SECURITIES AND EXCHANGE COMMISSION

WASHINGTON, D.C. 20549

____________________

 

FORM 8-K

 

CURRENT REPORT

Pursuant to Section 13 or 15(d) of the Securities Exchange Act of 1934

 

Date of Report (Date of earliest event reported): February 2, 2016

 

ZAGG INC

(Exact name of registrant as specified in its charter)

Nevada   001-34528   20-2559624
(State or other jurisdiction of incorporation)   (Commission
File Number)
  (I.R.S. Employer
Identification No.)

 

910 West Legacy Center Drive, Suite 500

Midvale, Utah 84047

(Address of principal executive offices)

  

Registrant’s telephone number, including area code: (801) 263-0699

(Former name or former address, if changed since last report)

 

Check the appropriate box below if the Form 8-K filing is intended to simultaneously satisfy the filing obligation of the registrant under any of the following provisions:

 

☐ Written communications pursuant to Rule 425 under the Securities Act (17CFR 230.425)

 

☐ Soliciting material pursuant to Rule 14a-12 under the Exchange Act (17 CFR 240.14a-12)

 

☐ Pre-commencement communications pursuant to Rule 14d-2(b) under the Exchange Act (17 CFR 240.14d-2(b))

 

☐ Pre-commencement communications pursuant to Rule 13e-4(c) under the Exchange Act (17 CFR 240.13e-4(c))

 

 

 

  
 

 

 

Item 1.01. Entry into a Material Definitive Agreement.

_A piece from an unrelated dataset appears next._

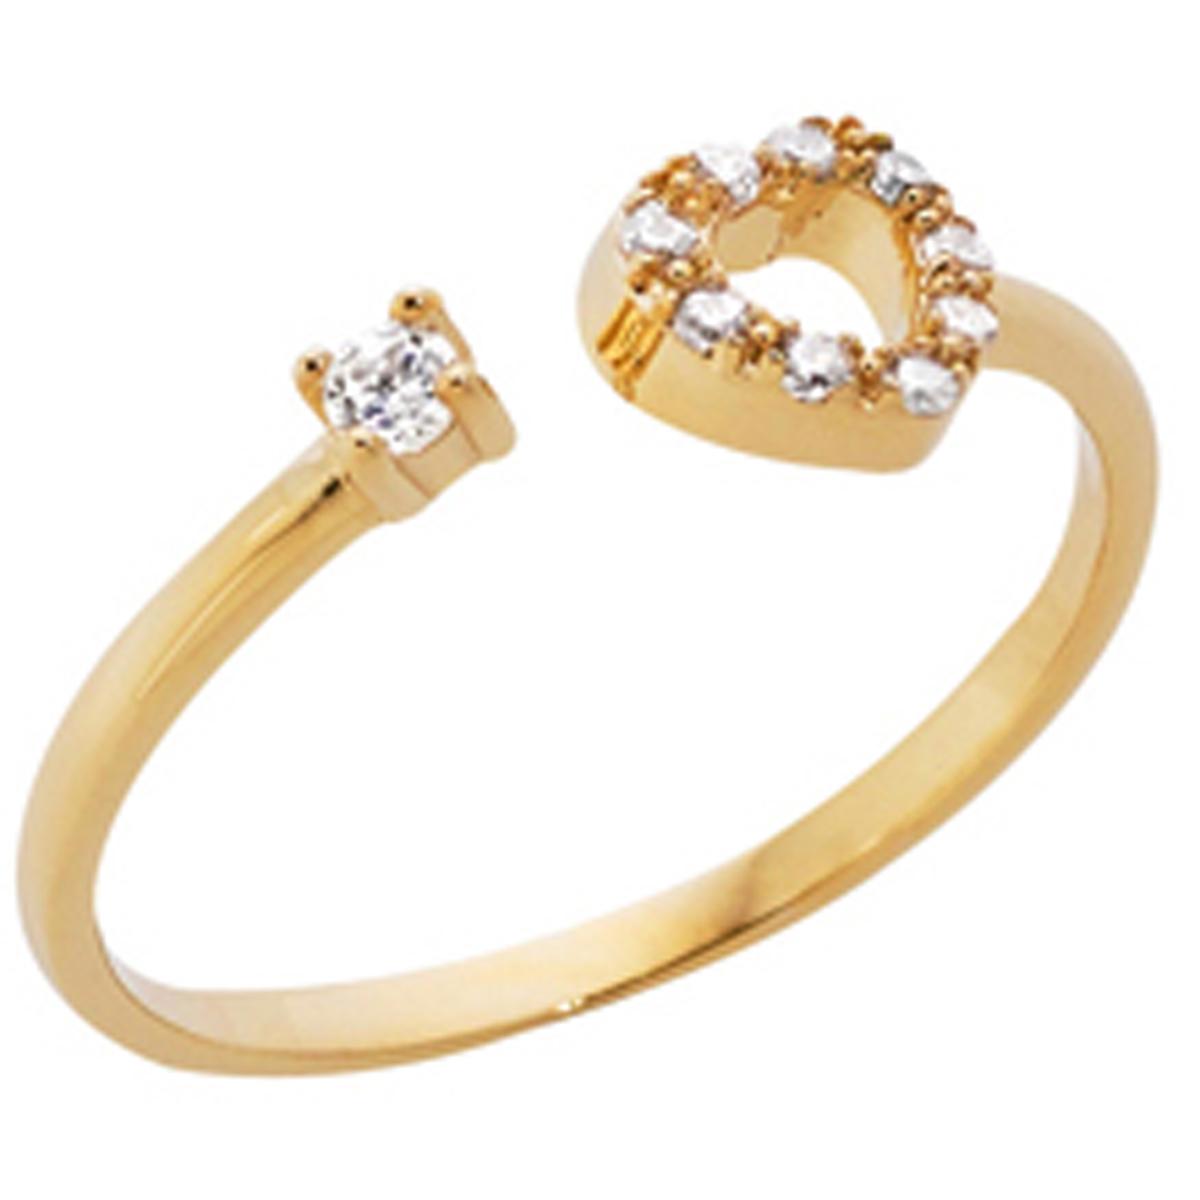 Bague plaqué or \'Love\' doré  (coeur) - 6x6 mm - [Q6018]

On February 2, 2016, ZAGG Inc, a Nevada corporation (the “Company”), and ZM Acquisition, Inc., a Delaware corporation and wholly-owned subsidiary of the Company (“Merger Sub”), entered into an Agreement and Plan of Merger (the “Merger Agreement”) with mophie inc., a California corporation (“mophie”), the principal shareholders of mophie named therein (the “Principal Shareholders”), and Daniel Huang as representative (the “Representative”) of the mophie shareholders, warrant holders and option holders (the “Applicable Holders”), pursuant to which Merger Sub will merge with and into mophie, with mophie continuing as the surviving corporation (the “Merger”).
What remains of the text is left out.